Earlier Thursday (22 July), equities fell on news that multiple prominent websites were inaccessible to some users.

As earnings continue to roll in, American stocks are regaining a leadership position in world markets. The ratio between the S&P 500 and an S&P Global gauge of shares listed outside the US shows as much. After falling as much as 10.4% between September and February, the ratio rallied to a record on 9 July and again on Tuesday. – Bloomberg News.

 

EUROPE

Christine Lagarde promised that the European Central Bank (ECB) has learnt from the errors of past crises and would not derail the current economic recovery by withdrawing emergency support too early.

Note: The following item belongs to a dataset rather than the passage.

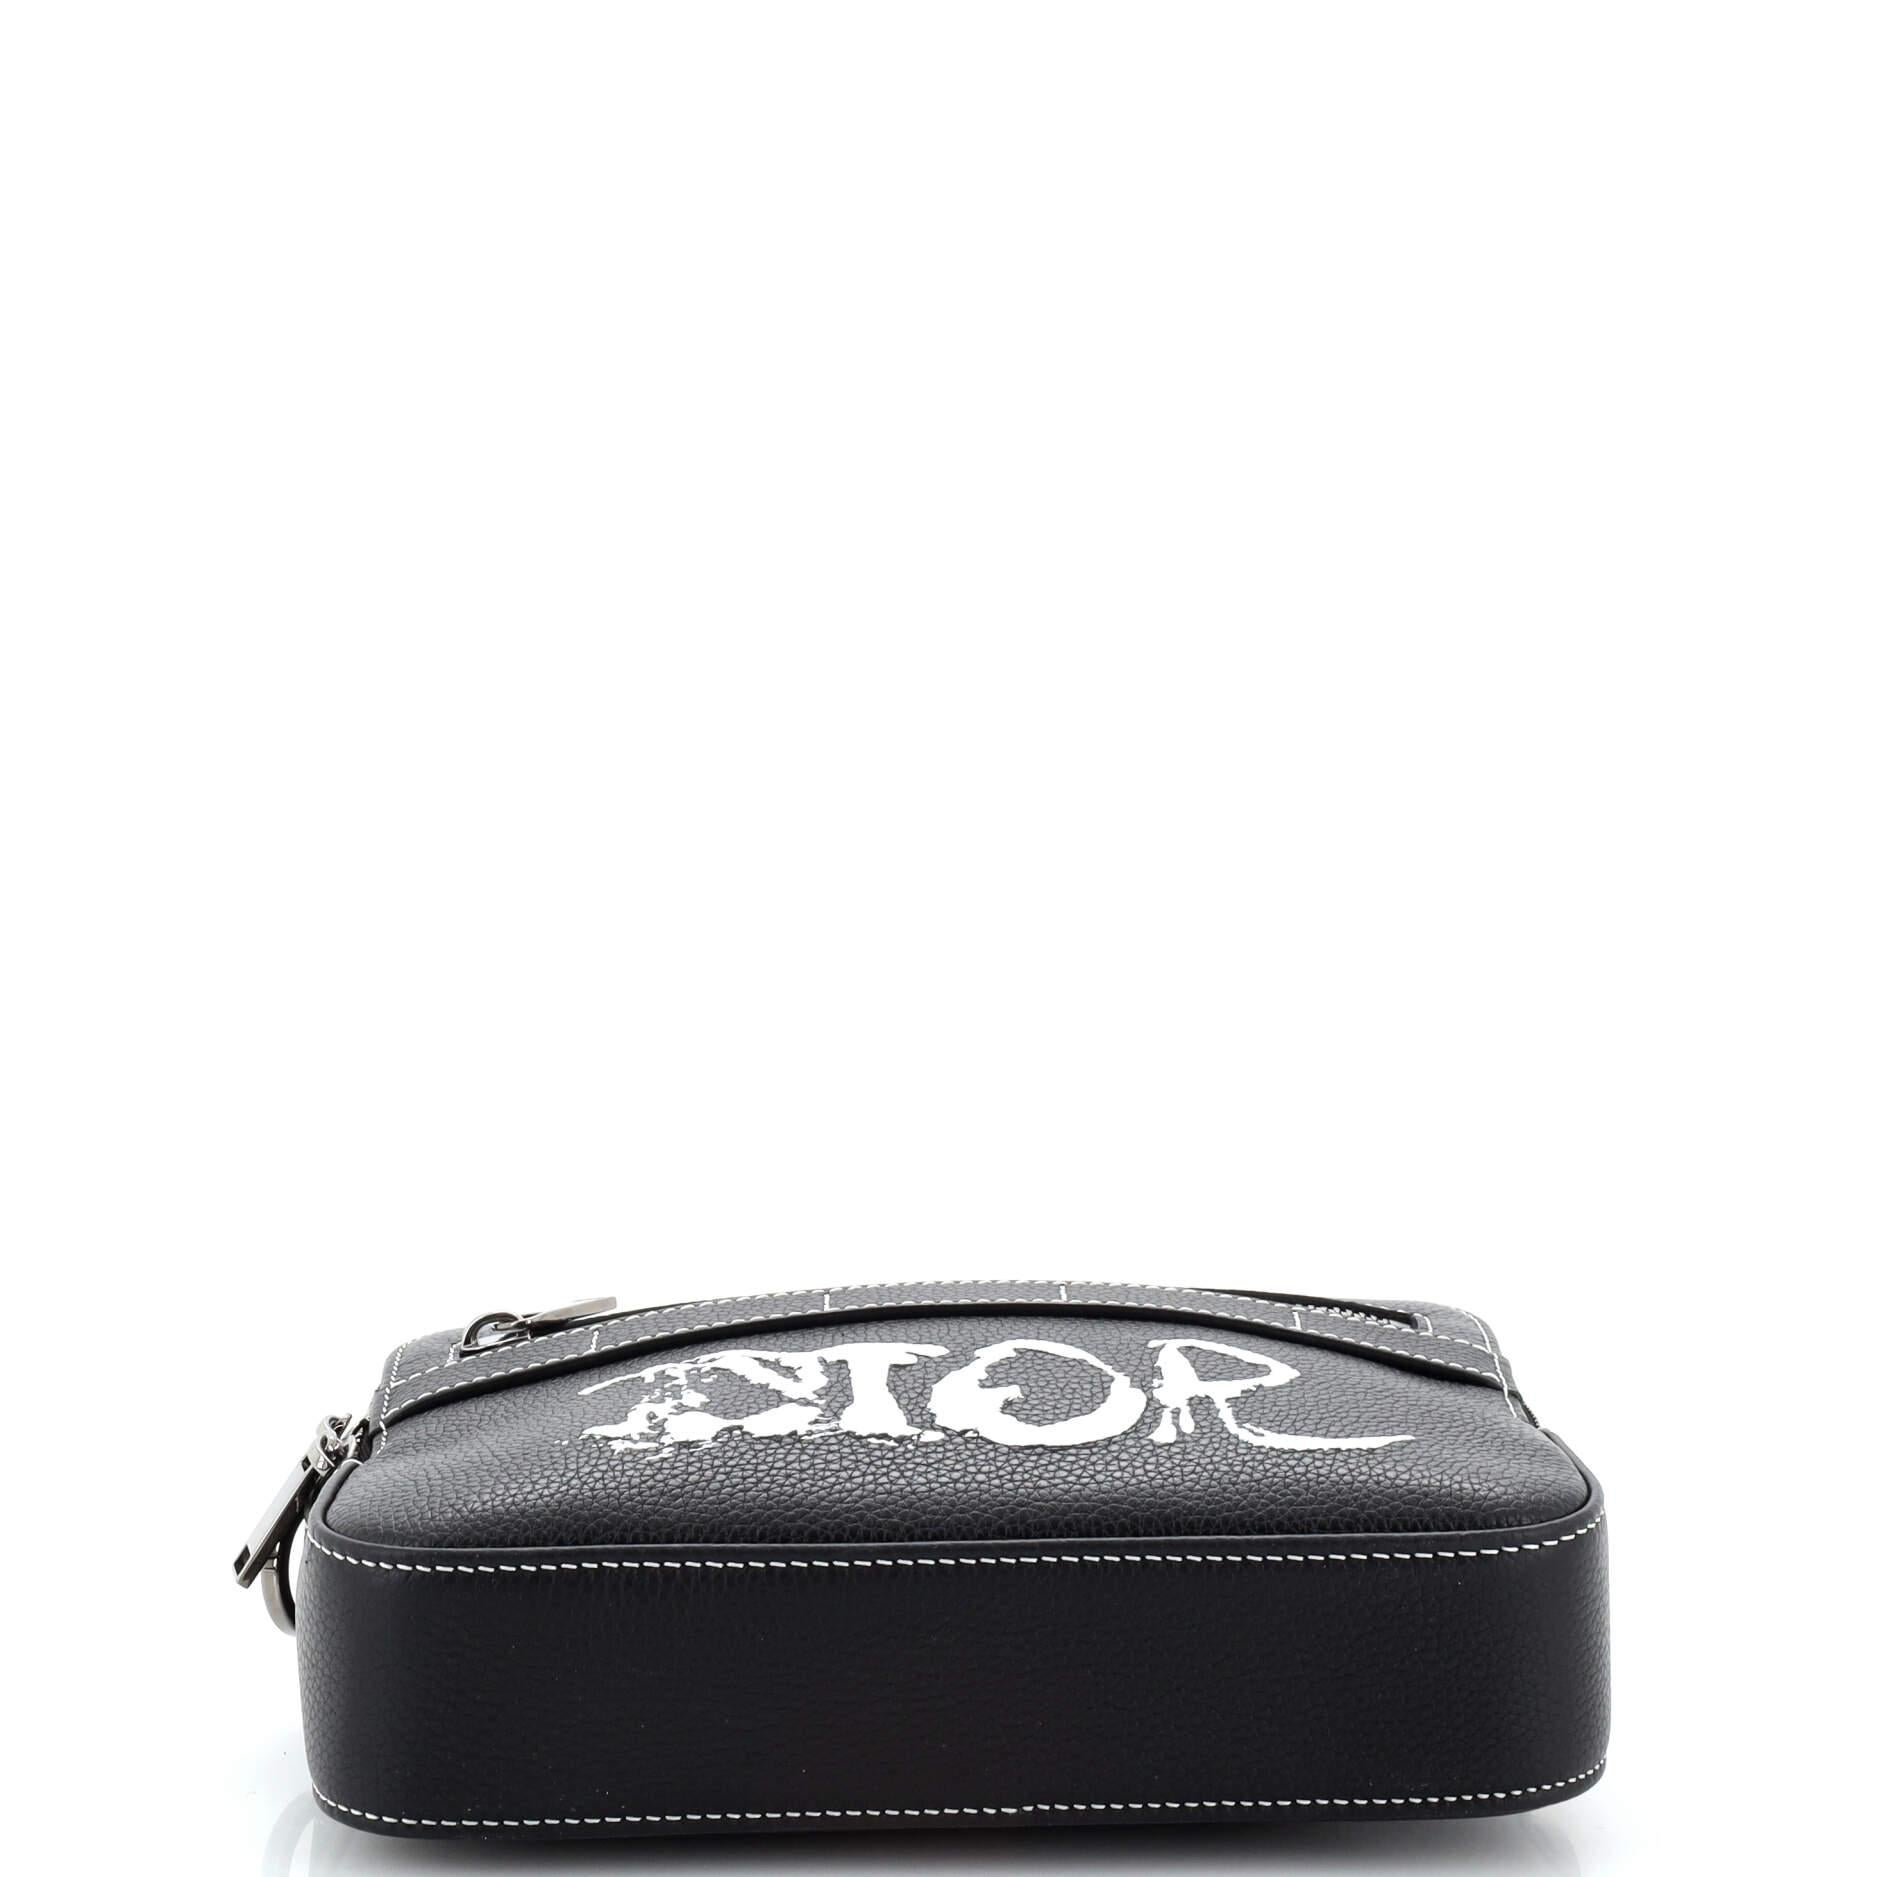 Women's or Men's Christian Dior Peter Doig Safari Messenger Bag Printed Leather

The ECB president spoke Thursday (22 July) as the central bank put into action the new monetary policy strategy it hammered out over the past 18 months. It revised guidance on interest rates, tying policy shifts more tightly to hitting its new 2% inflation goal, and said it would not necessarily react immediately if price growth exceeds that target for a “transitory” period.

The measures reinforce the ECB’s efforts to convince markets that it will keep ultra-loose policy, including record low negative interest rates, in place for as long as needed to revive price stability.

The ECB’s guidance change means that even if inflation is at the target at the end of its forecast horizon -- as much as three years out – it would not be forced to respond with tighter policy. Officials currently foresee price growth averaging just 1.4% in 2023, which suggests any rate hike is years away. – Bloomberg News.

The Stoxx Europe 600 Index rose 0.56% to 456.53.

 

JAPAN

Japan markets are closed 22-23 July for public holidays.